Young-rags-to-mature-riches memoir by broker and motivational speaker Gardner.
Born and raised in the Milwaukee ghetto, the author pulled himself up from considerable disadvantage. He was fatherless, and his adored mother wasn’t always around; once, as a child, he spied her at a family funeral accompanied by a prison guard. When beautiful, evanescent Moms was there, Chris also had to deal with Freddie “I ain’t your goddamn daddy!” Triplett, one of the meanest stepfathers in recent literature. Chris did “the dozens” with the homies, boosted a bit and in the course of youthful adventure was raped. His heroes were Miles Davis, James Brown and Muhammad Ali. Meanwhile, at the behest of Moms, he developed a fondness for reading.
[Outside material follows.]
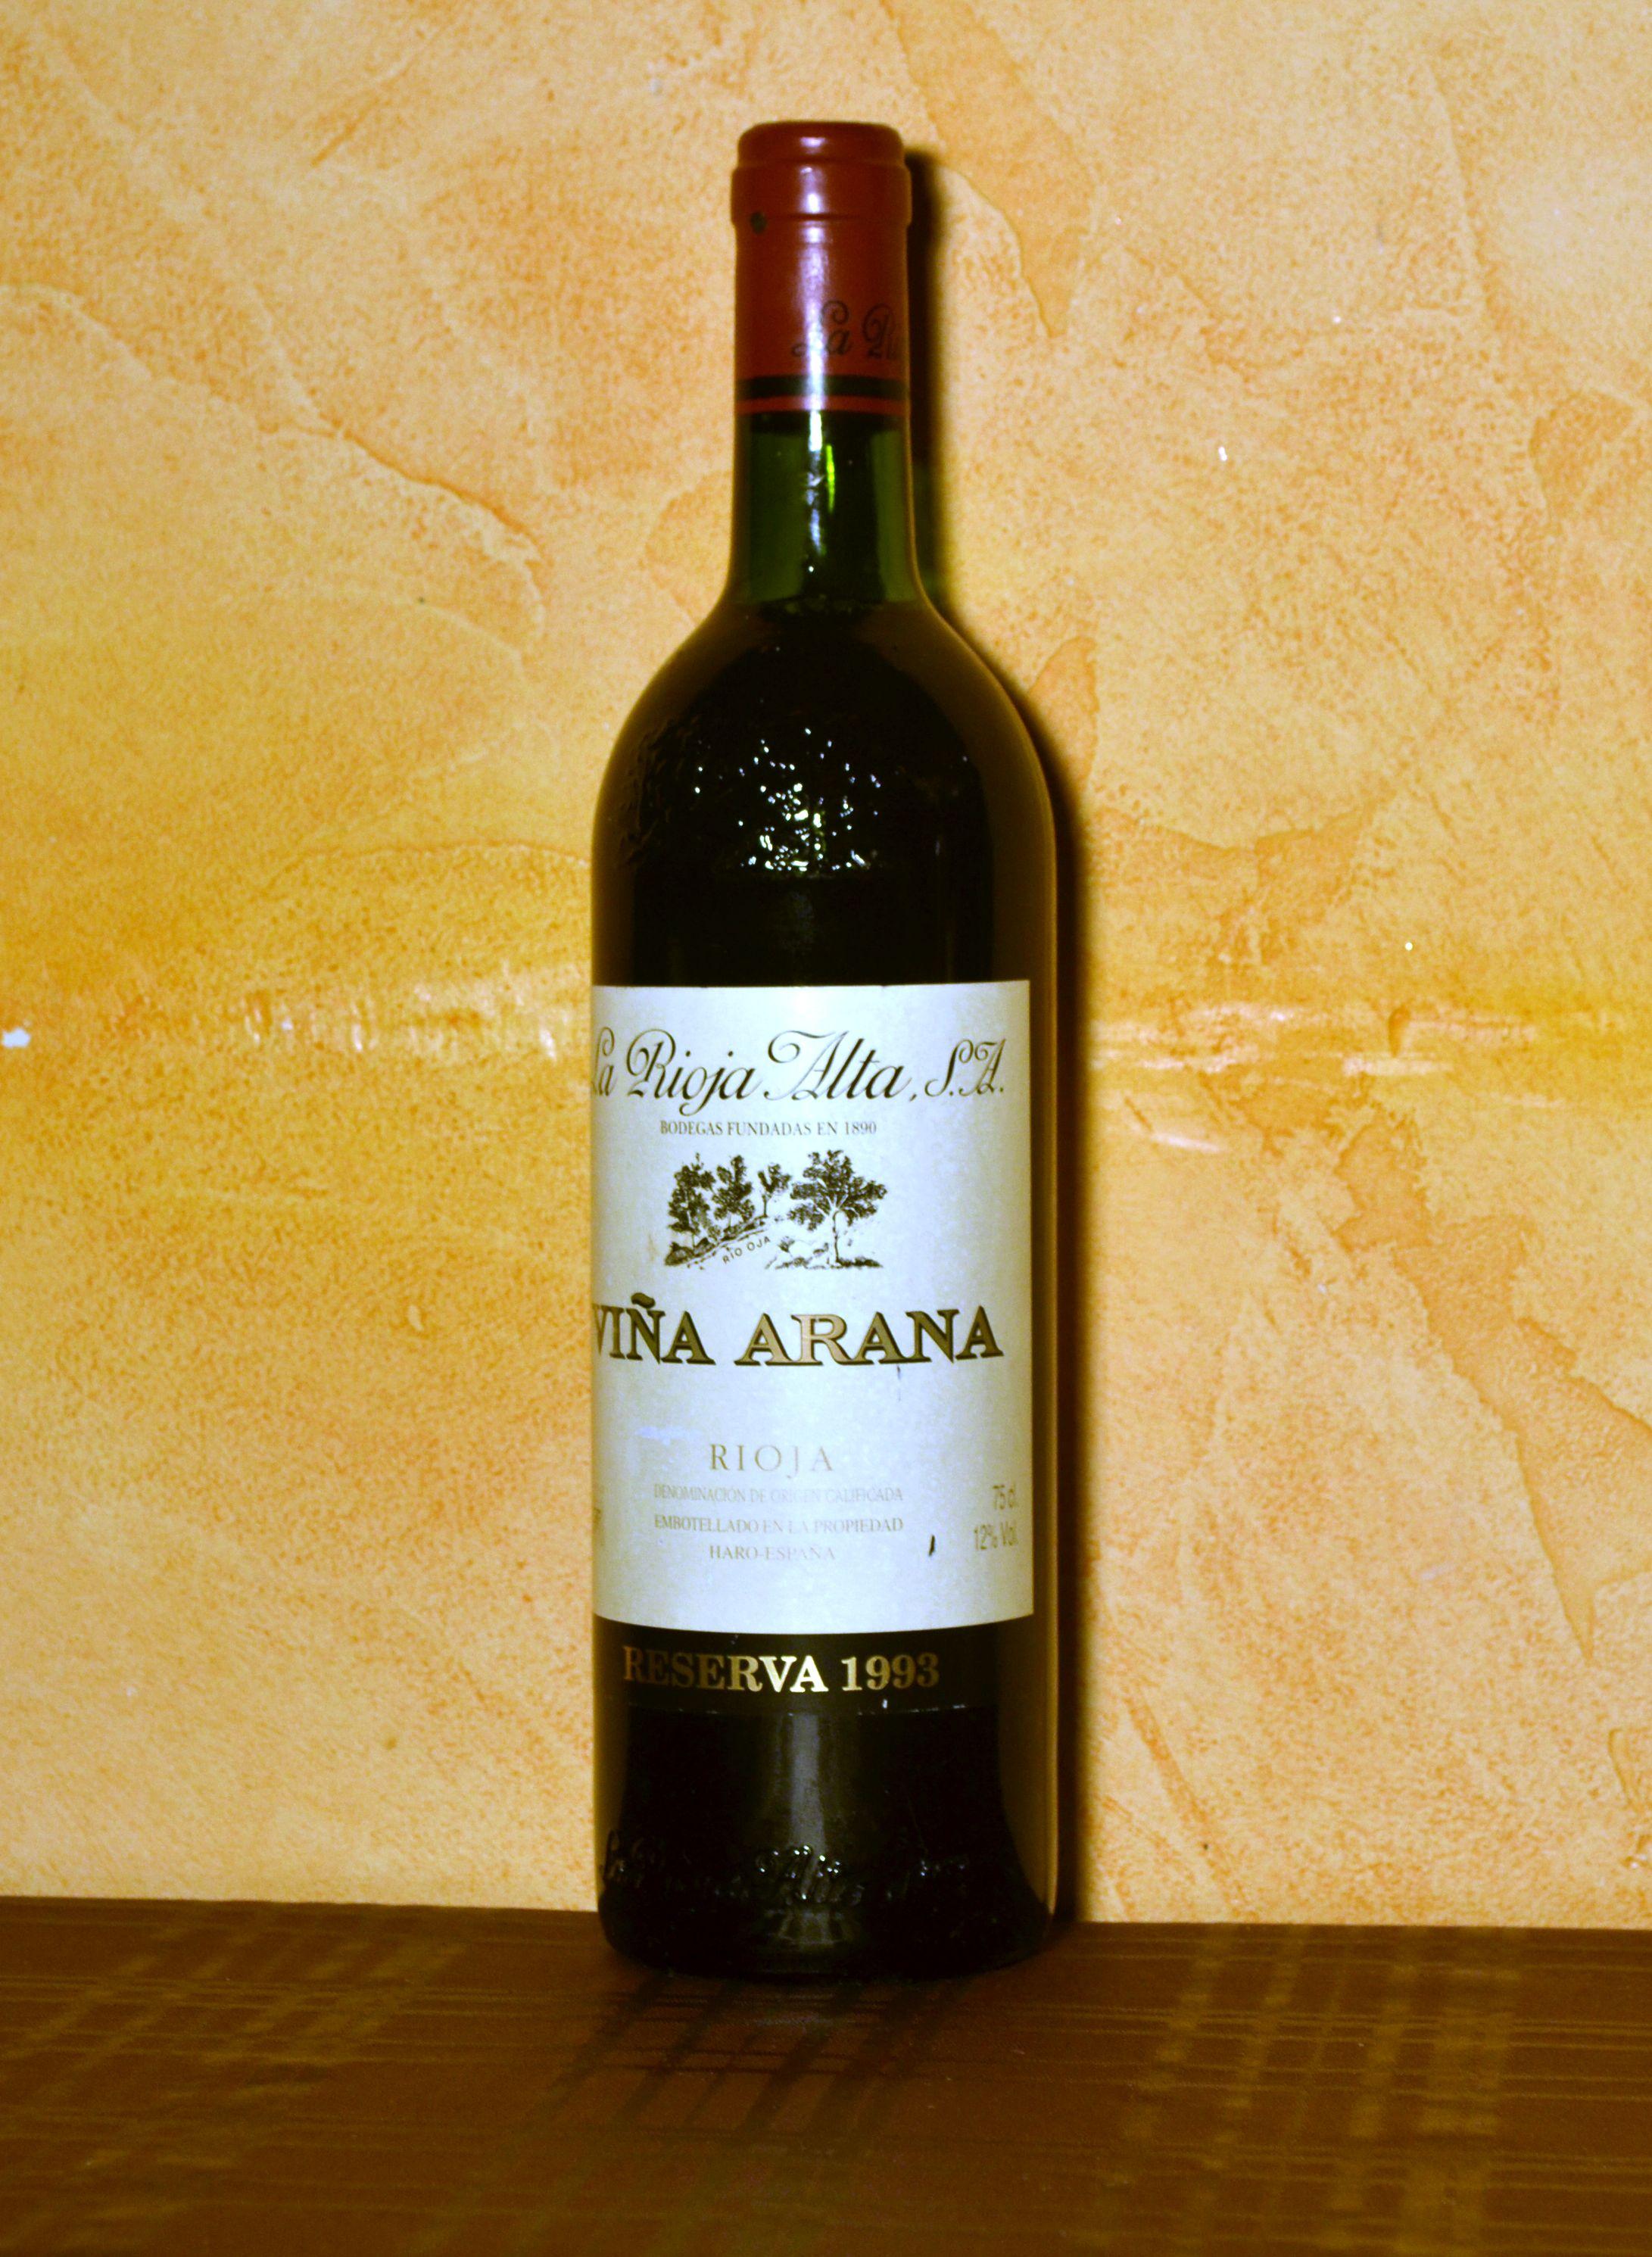 Viña Arana Reserva 1993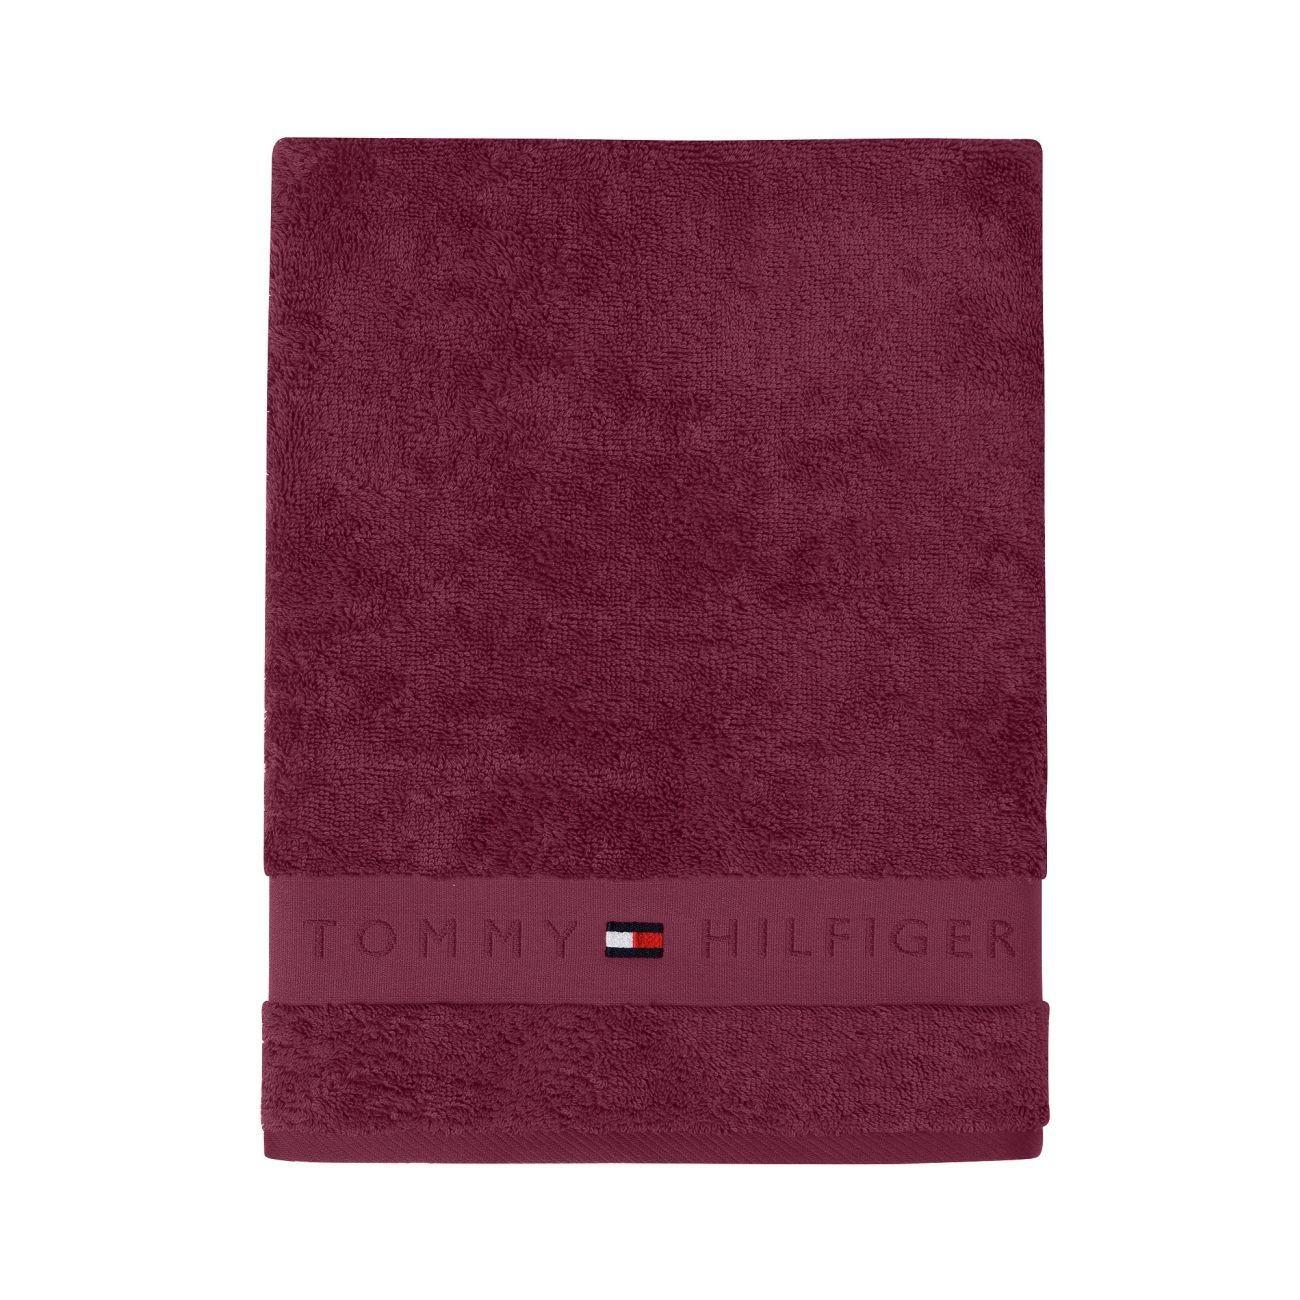 tommy hilfiger legend 2 handtuch online kaufen bei woonio. Black Bedroom Furniture Sets. Home Design Ideas

He joined the Navy and became a medic (preparing badass Marines for proctology), and a proficient lab technician. Moving up in San Francisco, married and then divorced, he sold medical supplies. He was recruited as a trainee at Dean Witter just around the time he became a homeless single father. All his belongings in a shopping cart, Gardner sometimes slept with his young son at the office (apparently undiscovered by the night cleaning crew). The two also frequently bedded down in a public restroom. After Gardner’s talents were finally appreciated by the firm of Bear Stearns, his American Dream became real. He got the cool duds, hot car and fine ladies so coveted from afar back in the day. He even had a meeting with Nelson Mandela. Through it all, he remained a prideful parent. His own no-daddy blues are gone now.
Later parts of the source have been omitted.